In September 1940, a ship carrying evacuee children from Britain to Canada was sunk by a torpedo attack, with the loss of an estimated 258 lives. For nineteen hours, two schoolgirls, Bess Walder and Beth Cummings, clung to an overturned lifeboat in the middle of the Atlantic, dressed only in their pyjamas and dressing gowns. As the hours passed, they willed each other to hang on, until they were finally rescued and brought home to Britain. Their terrifying ordeal and the friendship and courage that helped them both survive it, are the subject of Nicola McCartney’s two-hander Lifeboat, and under the direction of the consistently brilliant Kate Bannister, they make for an enthralling 70 minutes.

The play covers the hours following the attack, when we find Beth (Lindsey Scott) and Bess (Claire Bowman) floating, alone and terrified, in the freezing Atlantic. But it also flashes back to the months leading up to their departure, and the impact of the war on their lives in Liverpool and London respectively, as well as their four days travelling on The City of Benares, where they’re brought together by a shared love of The Wizard of Oz. There’s a playfulness and humour to these flashbacks – in which Claire Bowman and Lindsey Scott also play all the other characters, from annoying little brothers to the ship’s Indian crew members – that draws us in, and which contrasts sharply with the intensity of the lifeboat scenes placed intermittently throughout the play. The more we know about the two friends’ lives and their dreams for the future, the more we want them to survive.
The Brockley Jack has a well-deserved reputation for its excellent in-house productions. Lifeboat is no exception, rising magnificently to the challenges presented by the play’s structure and themes, and ticking every box in terms of design, direction and performance. Karl Swinyard’s set transforms the small studio space into the deck of the doomed ship, while the sound and lighting design from Jack Elliot Barton and Tom Kitney recreates with stunning accuracy not only the sights and sounds of the 1940s but also the horror of the attack and its aftermath.

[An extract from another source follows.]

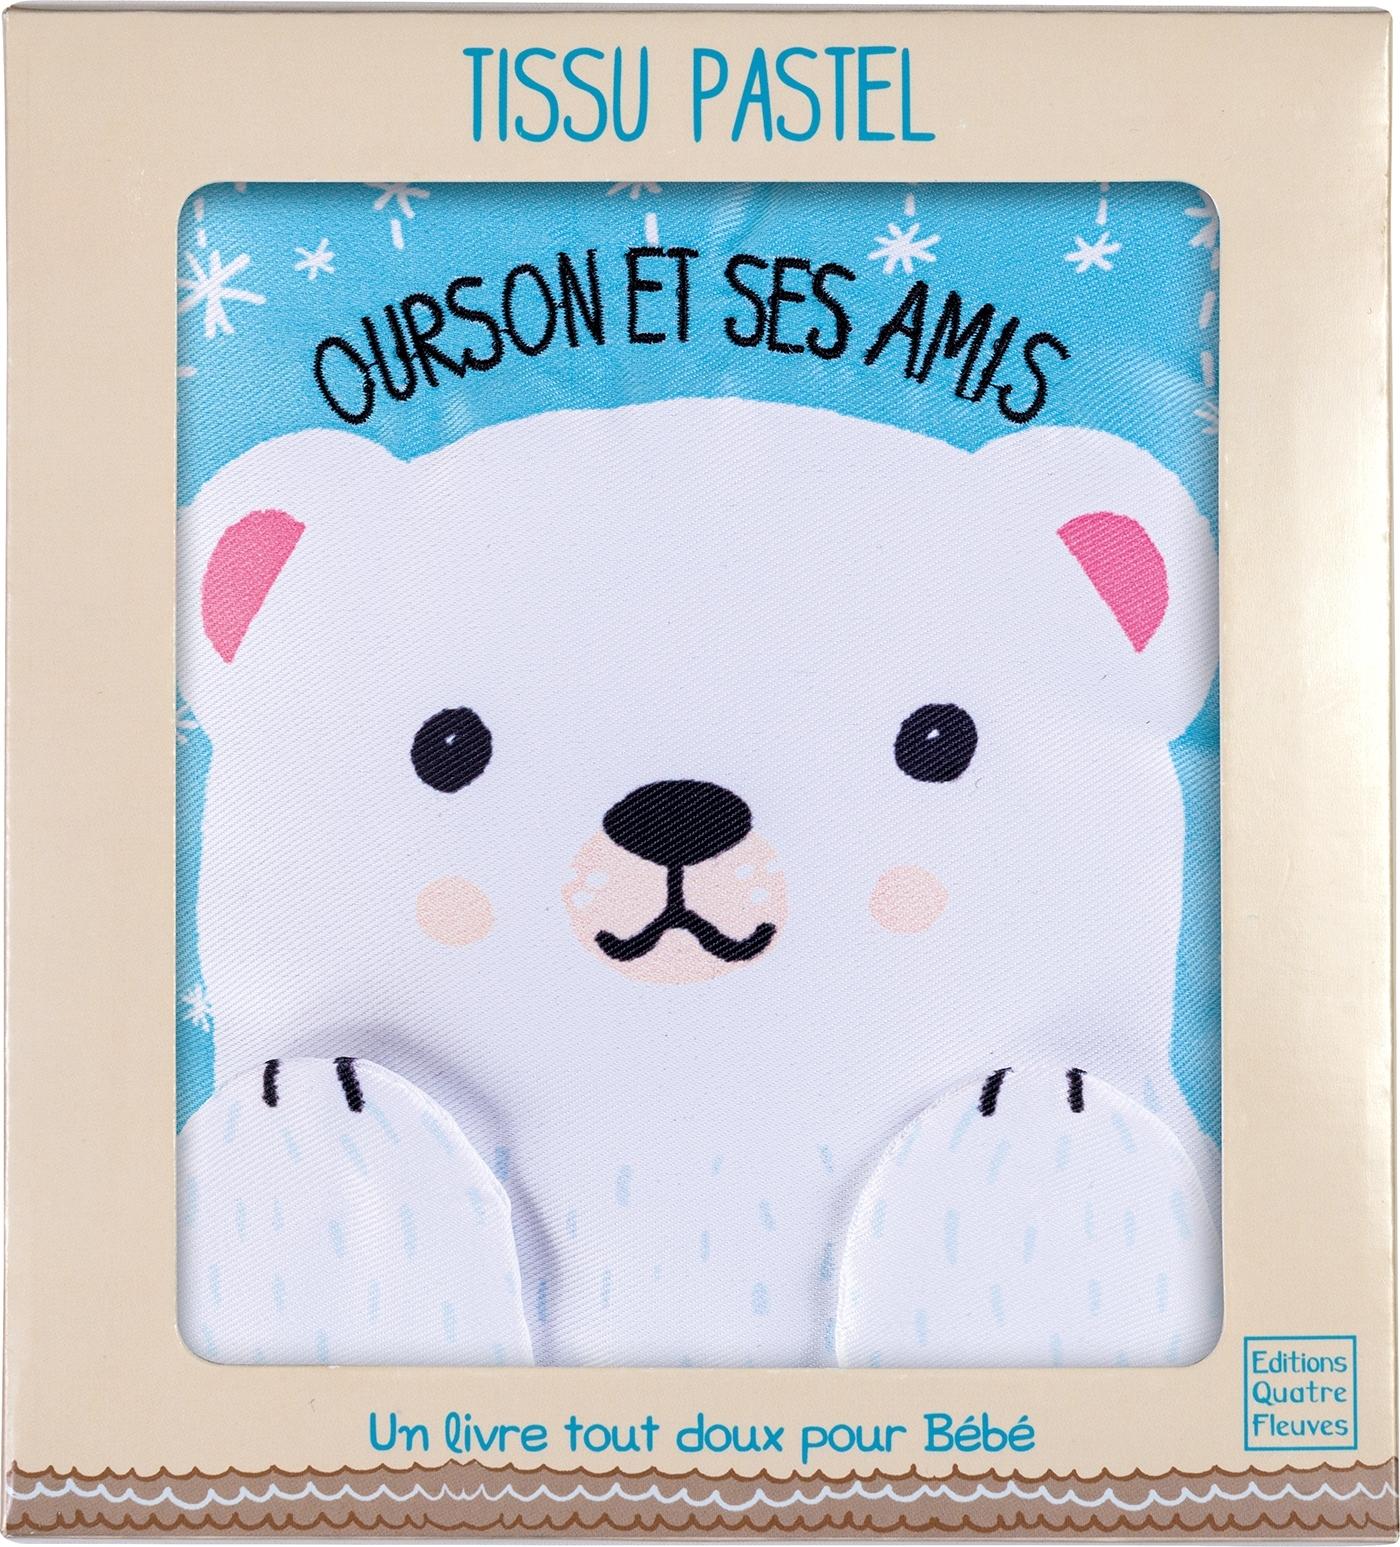 TISSU-BOITE - OURSON ET SES AMIS (AVEC BOITE)

Throughout the play, Claire Bowman and Lindsey Scott show their versatility as they slip seamlessly from one character to another. But it’s as the central characters that they’re most compelling – whether they’re cheerfully singing rude songs about Hitler, gazing in awestruck wonder at the cinema screen, giggling over a handsome sailor, or fighting for survival in icy waters. In just 70 minutes we come to know and care about both girls, and as their ordeal continues, we can feel their fear and growing exhaustion.

Although Lifeboat focuses on one specific incident of World War II, it’s difficult to watch it and not think more broadly about the horrors of war, and the millions of innocent lives lost around the world to conflicts past and present. Bess and Beth’s story ends well – the two women would go on to be lifelong friends – and Lifeboat pays tribute to their incredible courage and resilience. But the play’s sombre conclusion also ensures we don’t forget the 258 people, among them 77 children, who weren’t so lucky.
It’s tragic that stories like this one still need to be told, but if they must then it’s at least some comfort to see them told as well as this. A sensitive portrayal of devastating real events, Lifeboat is undoubtedly another triumph for the Brockley Jack team. Go and see it while you can.